Assunção: "No Céu temos uma Mãe, o Céu tem um coração"

“O homem é grande somente se Deus é grande. Com Maria devemos começar a compreender que é assim”. Publicamos a homilia que Bento XVI pronunciou ao presidir a Missa da Solenidade da Assunção de Nossa Senhora na Paróquia de São Tomás de Villanova, em Castelgandolfo.

Caros Irmãos no Episcopado e no Sacerdócio,

Queridos Irmãos e Irmãs:

Antes de mais nada, dirijo uma cordial saudação a todos vós. É uma grande alegria para mim celebrar a Missa nesta bela igreja paroquial, no dia da Assunção. Saúdo o Cardeal Sodano, o Bispo de Albano, todos os sacerdotes, o Presidente da Câmara e todos vós. Obrigado pela vossa presença. A festa da Assunção é um dia de alegria. Deus venceu. O amor venceu. Venceu a vida. Mostrou-se que o amor é mais forte do que a morte. Que Deus tem a verdadeira força, e a sua força é bondade e amor.

Maria foi elevada ao Céu em corpo e alma. Para nós, o Céu já não é uma esfera muito distante e desconhecida. No Céu temos uma mãe. O Céu está aberto, o Céu tem um coração.

Maria foi elevada ao Céu em corpo e alma: também para o corpo existe um lugar em Deus.
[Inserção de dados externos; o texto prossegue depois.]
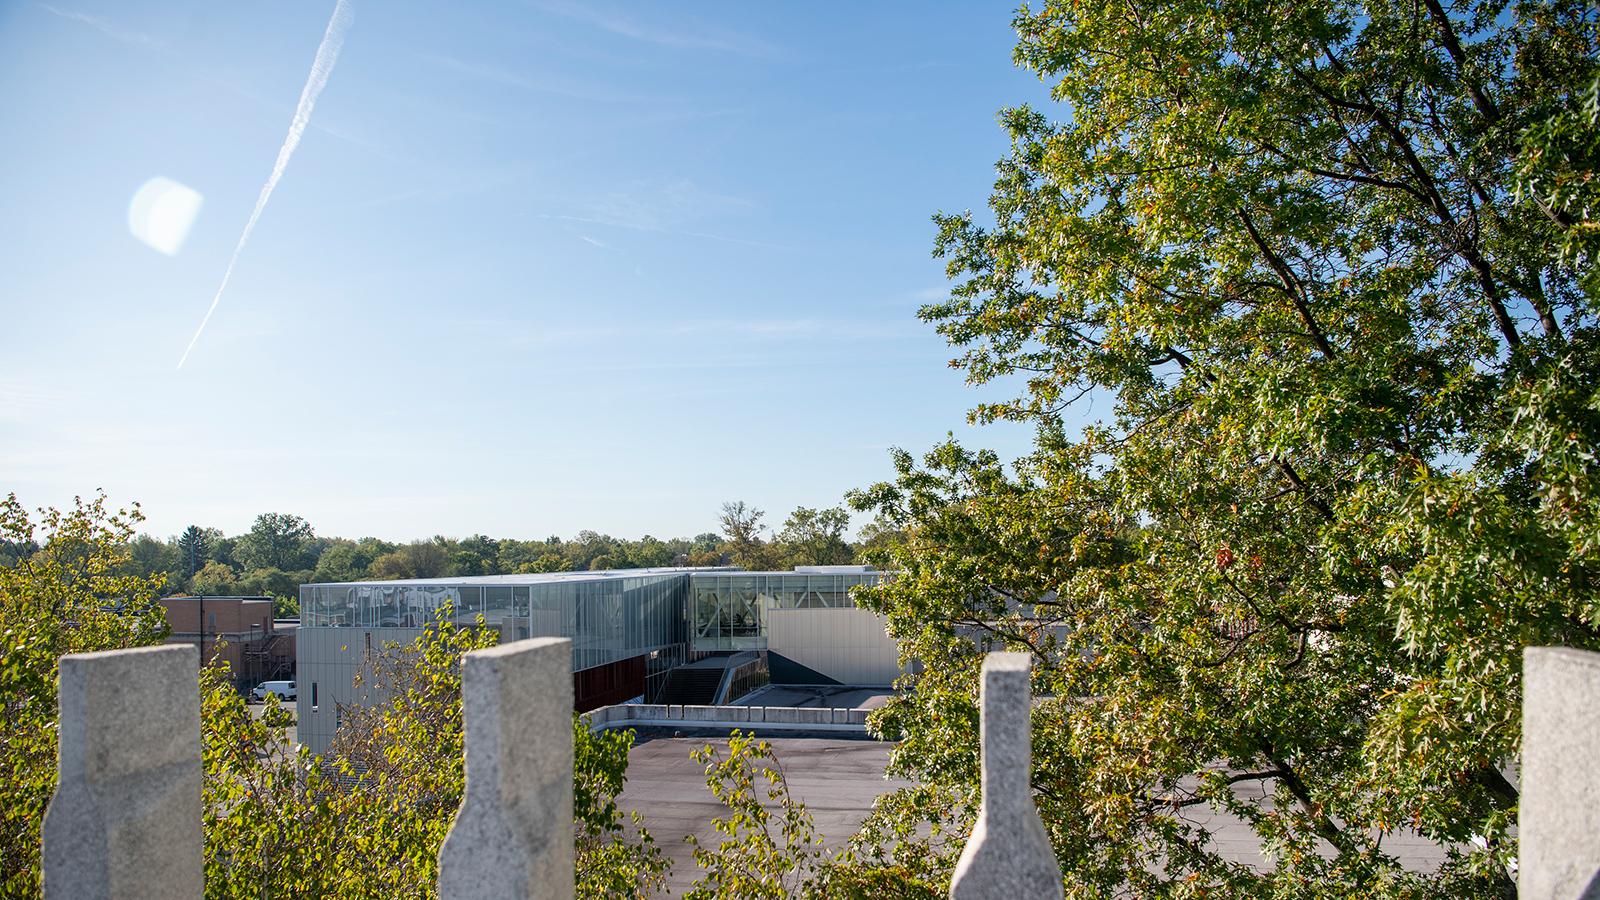 View of the Kohl building from the roof of Bibbins Hall.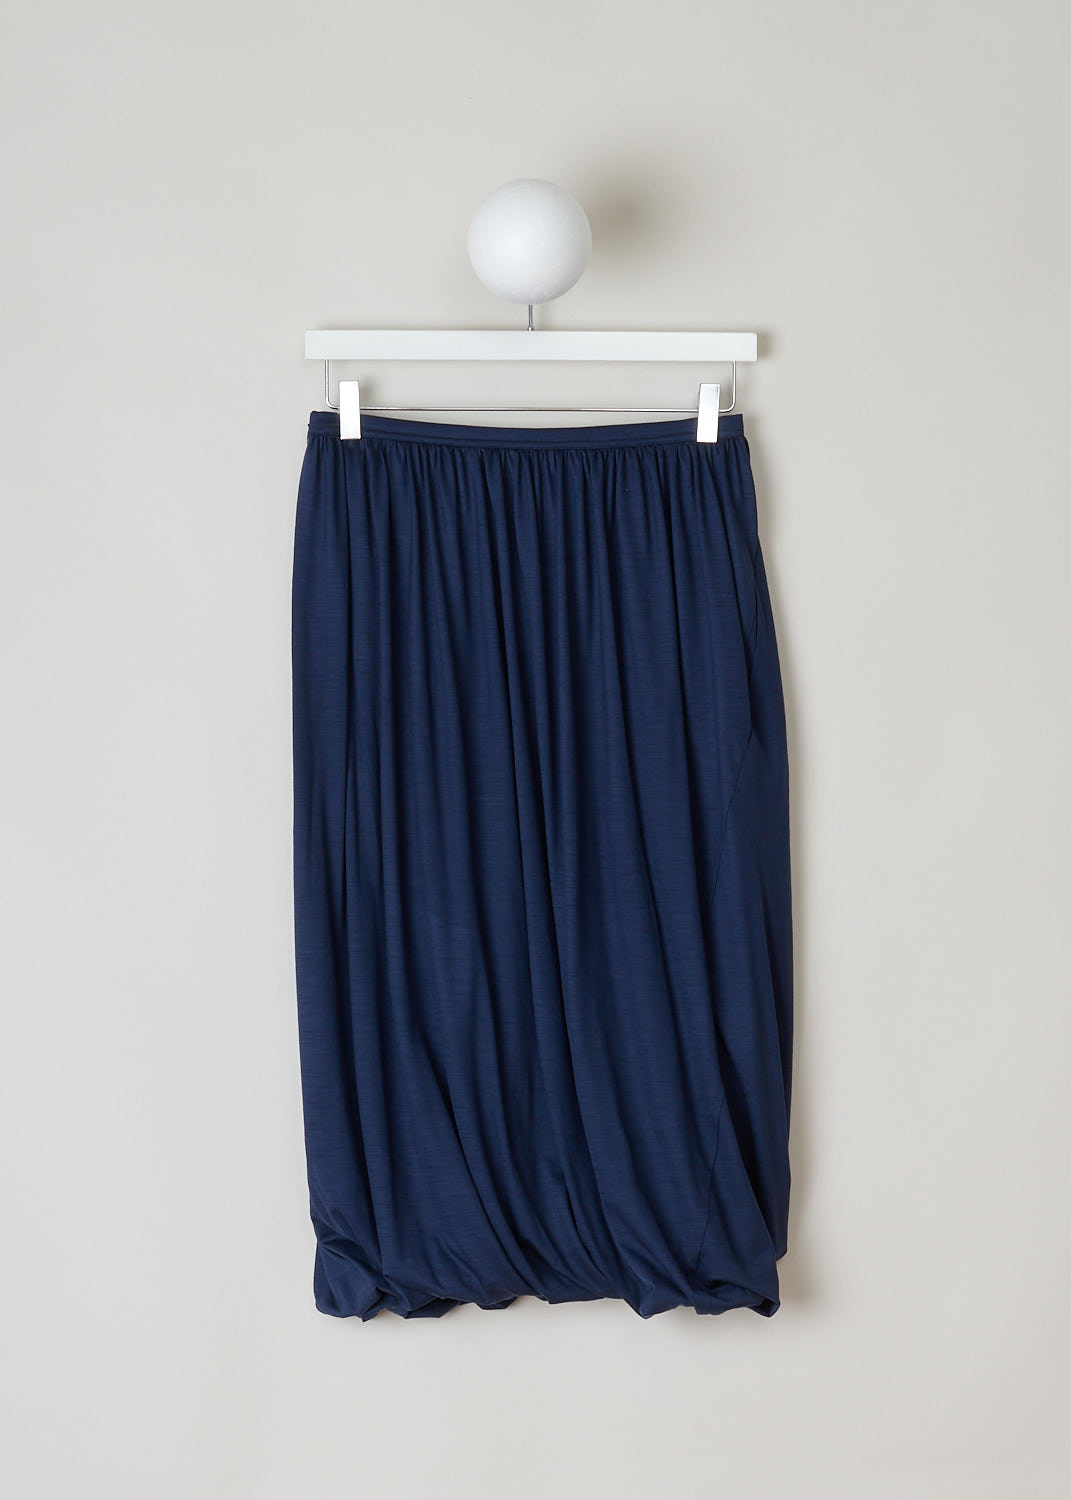 SOFIE Dâ€™HOORE, NAVY BLUE BALLOON SKIRT, SAOLA_WOJE_NAVY, Blue, Back, This twisted balloon skirt in navy blue features a concealed side zip. A single side pocket can be found concealed in the seam.

Para nós, o Céu já não é uma esfera muito distante e desconhecida. No Céu temos uma mãe. E a Mãe de Deus, a Mãe do Filho de Deus, é a nossa Mãe. Ele mesmo o disse. Ele a constituiu nossa Mãe, quando disse ao discípulo e a todos nós: "Eis aí a tua Mãe!" No Céu temos uma Mãe. O Céu está aberto, o Céu tem um coração.

No Evangelho ouvimos o Magnificat, esta grande poesia pronunciada pelos lábios, ou melhor, pelo coração de Maria, inspirada pelo Espírito Santo. Neste cântico maravilhoso reflete-se toda a alma, toda a personalidade de Maria. Podemos dizer que este seu cântico é um retrato, é um verdadeiro ícone de Maria, no qual podemos vê-la precisamente como é.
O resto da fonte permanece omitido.